White House, Democrats aim for virus relief deal by end of week

Bloomberg News

U.S. Treasury Secretary Steven Mnuchin said the White House and Democrats aim to strike a deal on virus-relief legislation by the end of the week 一 even though the two sides remain far apart on some key issues.

“We’re not at the point of being close to a deal, but we did try to agree to set a timeline,” Mnuchin said after meeting Tuesday with House Speaker Nancy Pelosi and Senate Democratic leader Chuck Schumer. “We’re going to try to reach an overall agreement, if we can get one, by the end of this week 一 so that legislation could then pass next week.”

Pelosi said during a PBS interview Tuesday evening that she also hoped a deal could be reached this week, with legislation drafted and passed next week. “We have to have an agreement And we will have an agreement,” she said.

Mnuchin and White House Chief of Staff Mark Meadows said that Republicans would agree to a moratorium on evictions through the end of the year, and made an offer on supplemental unemployment insurance, one of the main sticking points in the negotiations.

Earlier in the day, many lawmakers said they were skeptical that a deal could be in hand by Friday.
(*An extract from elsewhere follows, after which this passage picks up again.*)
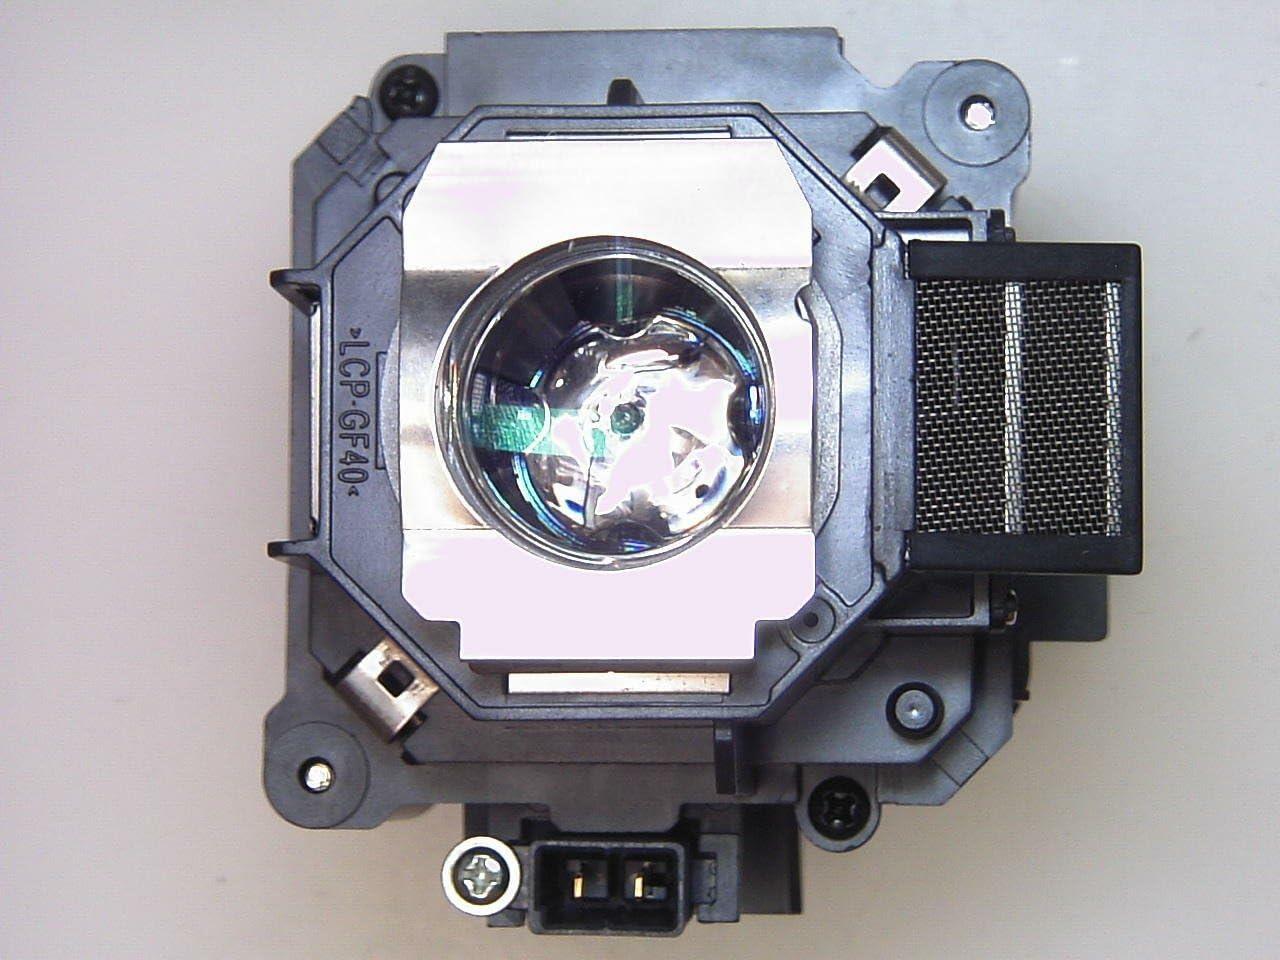 Diamond Lamp for EPSON EB-G5600 Projector with a Ushio bulb inside housing

Even if that were achieved, a vote likely wouldn’t be taken by the House and Senate until next week, meaning there would be a gap in the unemployment payments, which ran out last Friday.

Making Concessions

In one sign of genuine movement in the talks, Schumer said the two sides were exchanging detailed written proposals.

“They have made some concessions which we appreciated. We made some concessions which they appreciated,” Schumer said. Still, he added that the sides “are still far away on a lot of issues.”

Heading into the meeting, Meadows and Mnuchin said President Donald Trump was weighing the use of executive authority for some virus aid if no deal is reached. Trump has said he is contemplating unilateral action on evictions, unemployment benefits and the payroll tax. Meadows indicated after the meeting that the White House would be holding off for now.

Meadows told reporters that the concessions by the White House were “far more substantial than the concessions that had been made by the Democrats.”

Pelosi and Schumer said they will meet Meadows and Mnuchin on Wednesday, as well as Postmaster General Louis Dejoy on U.S. Postal Service funding needs, which Democrats want in the stimulus package.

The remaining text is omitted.